Water distribution is generally installed through underground pipes. Monitoring the underground water pipelines is more difficult than monitoring the water pipelines located on the ground in open space. This situation will cause a permanent loss if there is a disturbance in the pipeline such as leakage. Leaks in pipes can be caused by several factors, such as the pipe’s age, improper installation, and natural disasters. Therefore, a solution is required to detect and to determine the location of the damage when there is a leak. Wireless Sensor Network (WSN) is considered as a reliable solution for Pipeline Leak Detection Systems (PLDS) to supervise pipeline and to detect and localize leaks.


Combining the RTTM (Real Time Monitoring System Method) [4] and the Wave Propagation Method (WPM) for water leak monitoring and pipe modeling. The rest of paper is organized as follows: section II reviews the previous implemented hybrid pipeline leak detection methods. Section III details and describes the water pipeline model. In section IV, we detail the PLDS architecture. Section V illustrates the leak detection methodology. Finally, section VII concludes this paper. we focus on sensing the continuously water parameters (pressure and flow rate) to detect the presence of the leak and to locate its position. Thus, the originality of our contribution is to deploy a hybrid method.
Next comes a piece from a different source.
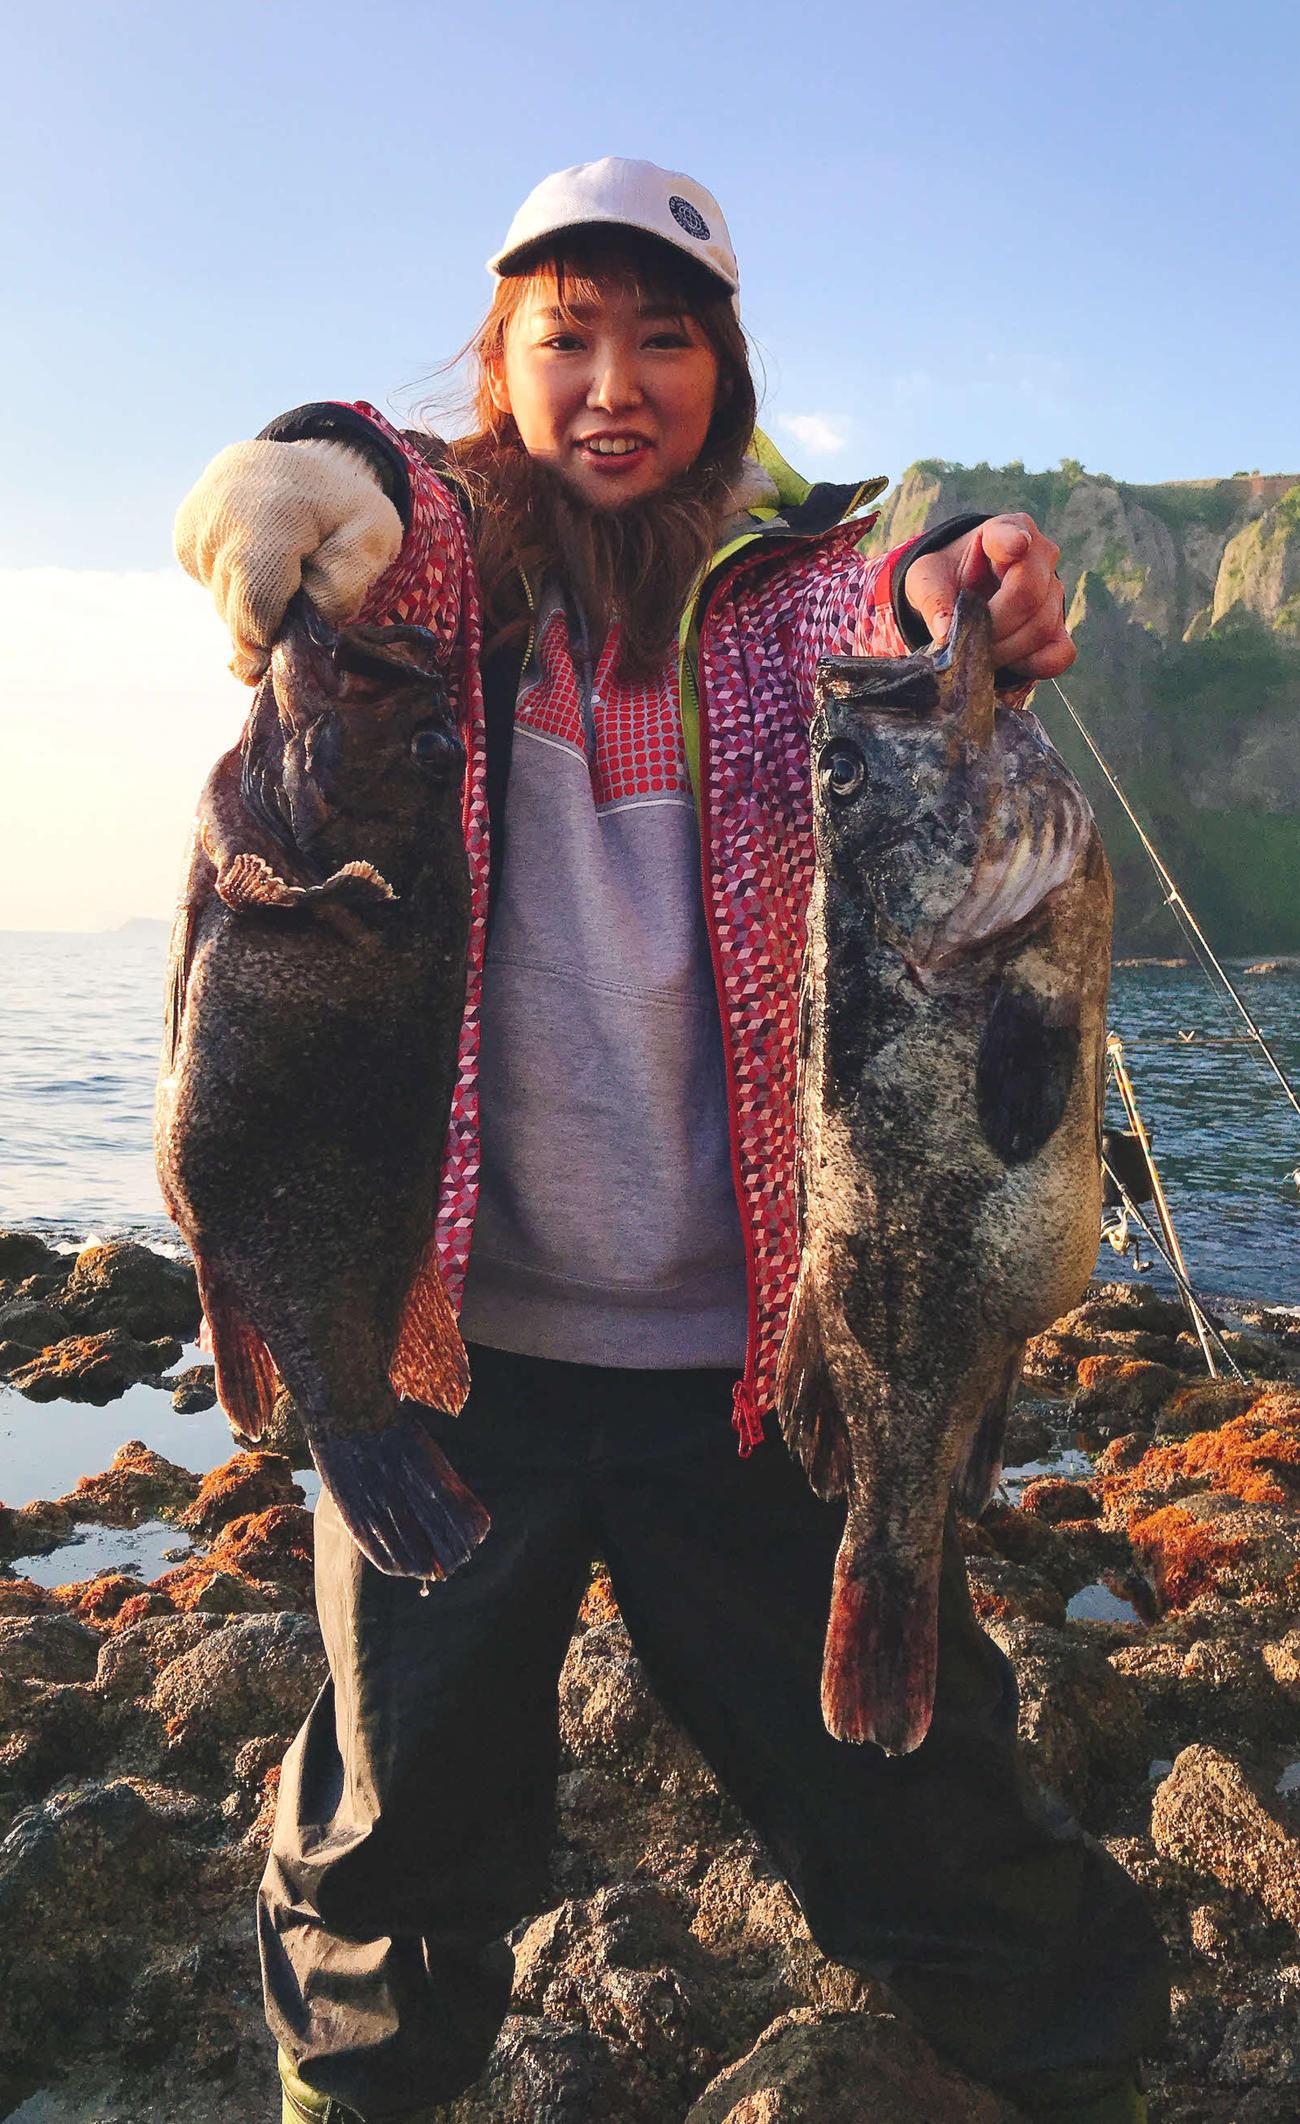 ソイやアブラコの大物を連発で釣り上げた沢田友梨恵さん

A. Real time transient modelling

Verde and Visairo (2001) proposed a method, which uses a linearized, discretized pipe flow model on an N-node grid and a bank of observers. The observers are modeled in such a way that when leakage occurs, all observers are reset except one. Localization of the leakage is obtained by the location of the non-responsive observer. Meanwhile, the quantity the leak can be obtained from the output of the other observers. Moreover, a detection system that utilizes an adaptive Luenberger-Type observer, based on a set of two-coupled one dimensional first order nonlinear hyperbolic partial differential equation, is proposed by (Aamo et al. 2006; Hauge et al. 2007). Although this method is able to detect tiny leaks [less than 1 % of flow (Scott and Barrufet 2003)], it has the drawback of having high cost, as it requires huge instrumentation for obtaining data in real time. Moreover, another disadvantage of this method is the complexity of models employed that can be handled only by an expert.

This method depends on pipe flow models developed to employing equations such as: conservation of momentum, mass and energy as well as the equation of state of the fluid. The presence of leakage is determined by the estimated value and measured value of the flow. Continuous monitoring noise levels and transient events minimize false alarm rate. Billmann and Isermann (1987) designed an observer with friction adaptation that in the event of leakage it generates a different output from one obtained from measurements. Thus, from this difference leakage can be detected.
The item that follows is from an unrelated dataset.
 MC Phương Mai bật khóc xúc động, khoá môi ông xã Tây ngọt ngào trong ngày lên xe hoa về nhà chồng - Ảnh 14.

B. Negative pressure wave method

In the negative pressure wave method, once a leak occurs the pressure of the fluid drops. This is due to the sudden decrease of liquid density at the position of the leak. Subsequently, pressure wave source propagates outwards for the point of leakage towards the opposite sides of the leak. Considering the pressure of the fluid before and after the leak as a reference, the wave produced by such leakage is termed the negative pressure wave.

As this negative pressure wave travels towards the terminal ends of the pipeline section, pressure sensors stationed at the terminal ends are able to measure the pressure reduction signal. This can be achieved because when the wave reaches the terminal ends, it causes a drop first at the station inlet pressure and then the station outlet pressure. Since the leakage can be at any random point on the pipeline section, different time difference of the negative pressure wave is obtained at the terminal ends. From the knowledge of the different time difference that the pressure sensors on both sides of the leak detect, the pipeline section length and negative pressure wave velocity, the position of the leak can be obtained (Ge et al.2008; Ma et al. 2010).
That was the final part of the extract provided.